Fires in Brazil's Amazon rainforest are proliferating at an alarming rate.
"Our house is burning. Literally. The Amazon rain forest – the lungs which produces 20% of our planet's oxygen – is on fire," French President Emmanuel Macron wrote in a tweet Thursday.
He called it an "international crisis" and urged members of the G7 to prioritize the issue at its summit this weekend.
Many of the fires are believed to have been set by farmers clearing land. Environmentalists say the attitude of Brazil's right-wing president, Jair Bolsonaro, has encouraged the farmers, as well as cattle ranchers, loggers and miners, NPR's Scott Neumann reports.
Bolsonaro has described measures to protect the rainforest as "obstacles" to economic growth. Bolsonaro, who took office in January, has said repeatedly that he wants to open the Amazon to development.

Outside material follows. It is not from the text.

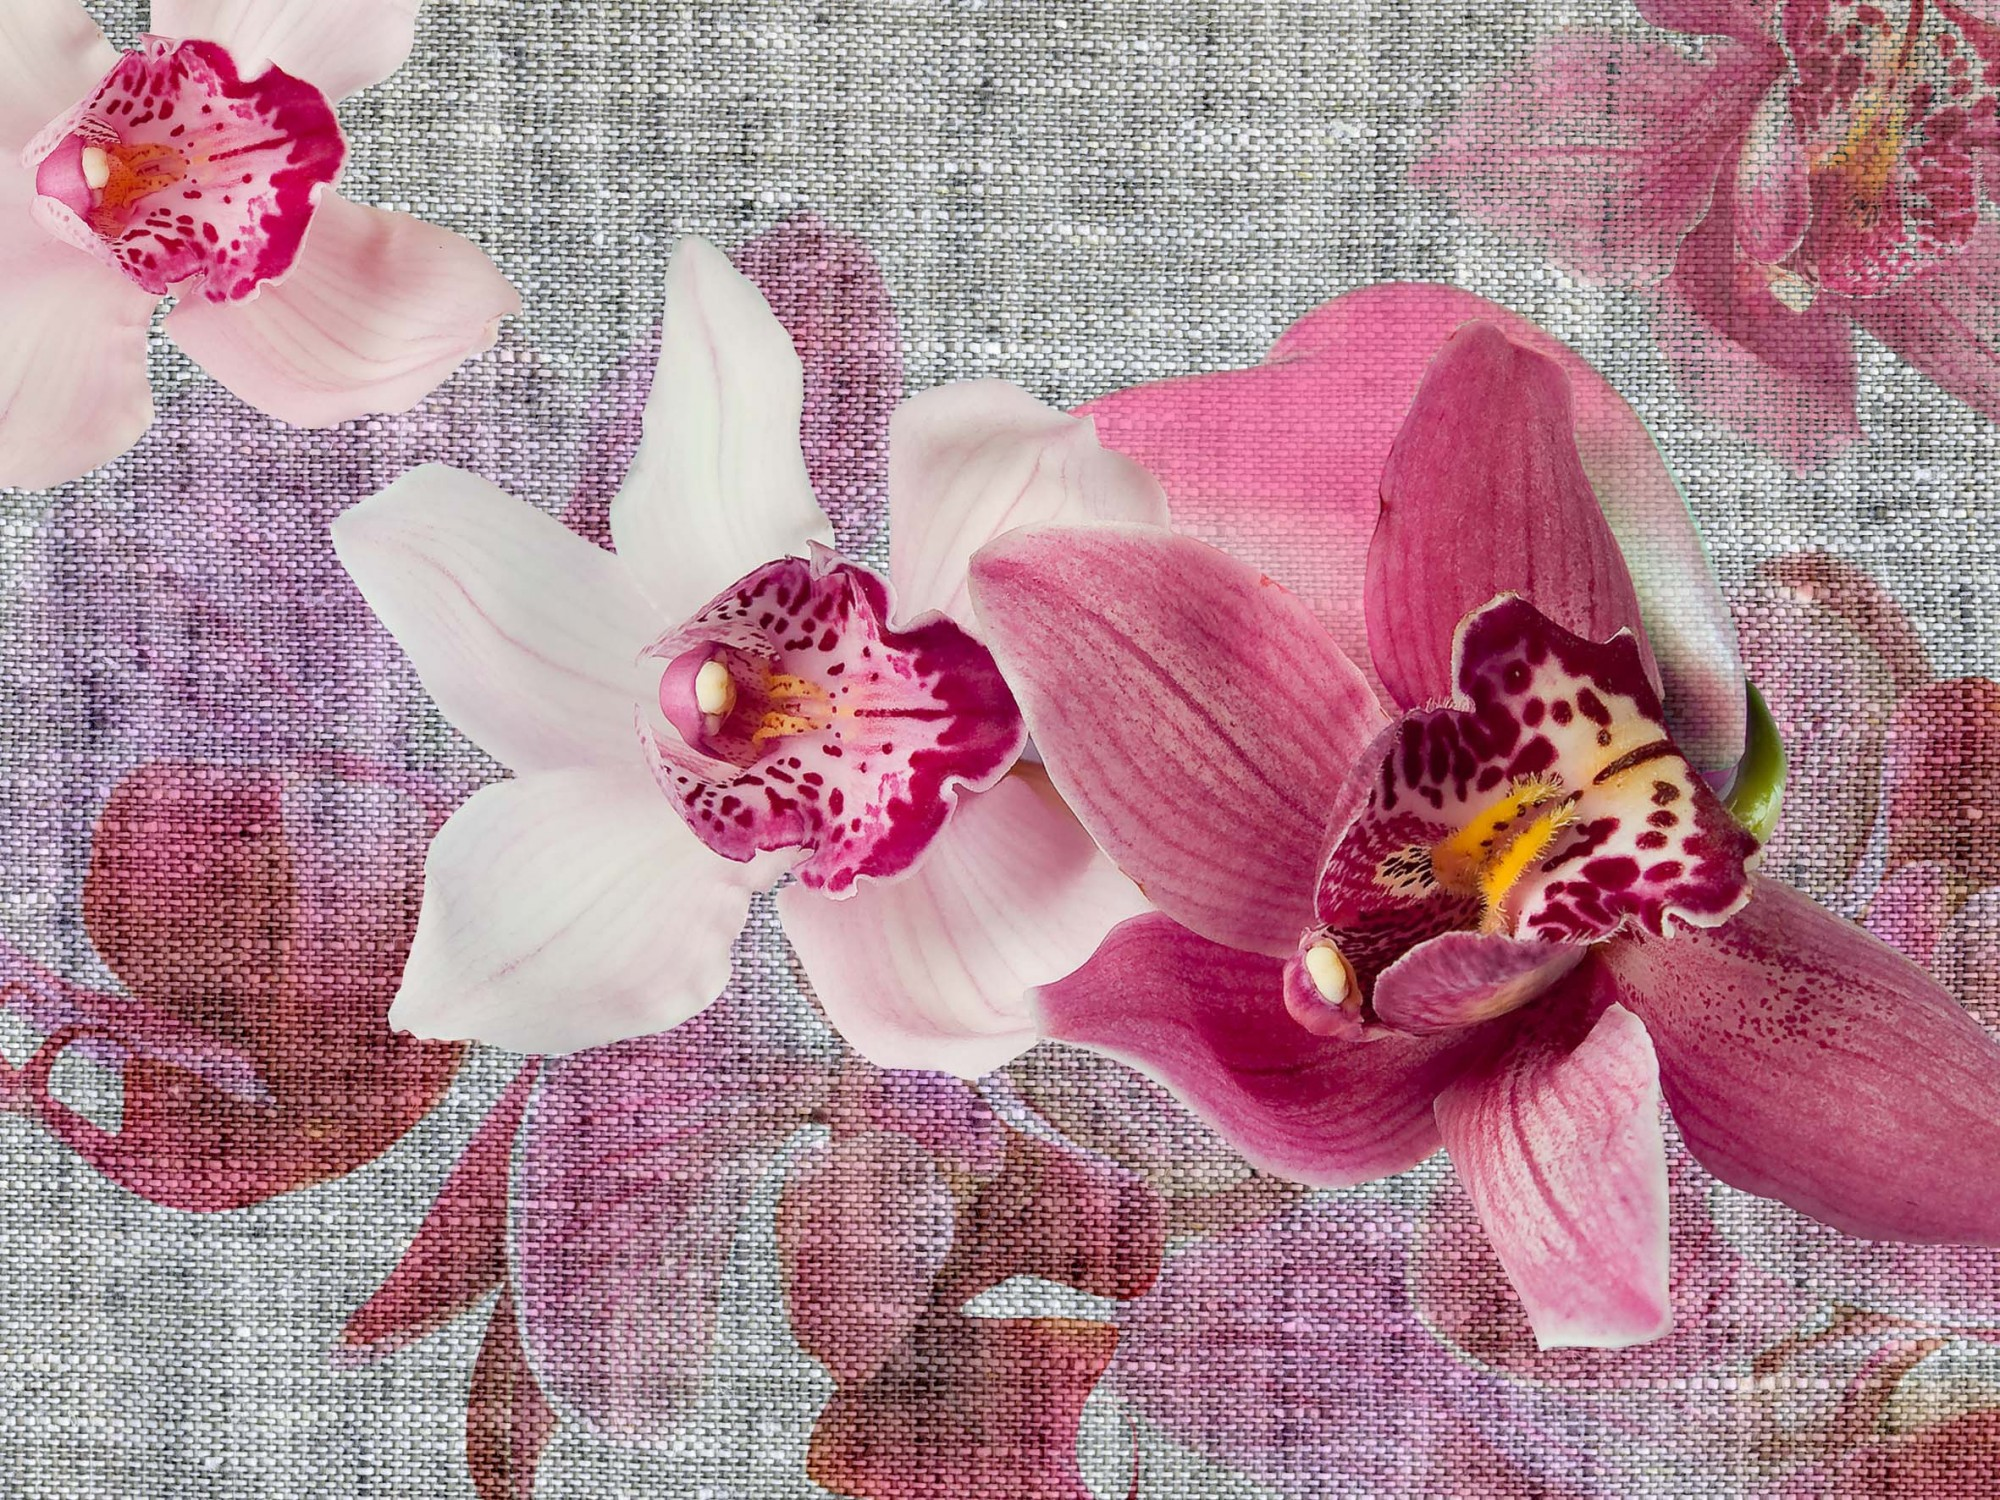 wandbild 360 x 270 cm 4 teilig kleister fototapete orchidee blumen bl ten. Black Bedroom Furniture Sets. Home Design Ideas

According to Brazil's National Institute for Space Research, there have been 74,155 fires in Brazil so far this year — most of which erupted in the Amazon, reports NPR's Colin Dwyer. That represents an astonishing leap of more than 80% over last year and by far the most that the agency has recorded since it began compiling this data in 2013.
About half those fires, or nearly 36,000 of them, have ignited in just the past month. That's nearly as many as in all of 2018. Smoke from the fires has darkened the skies over major Brazilian cities such as São Paulo.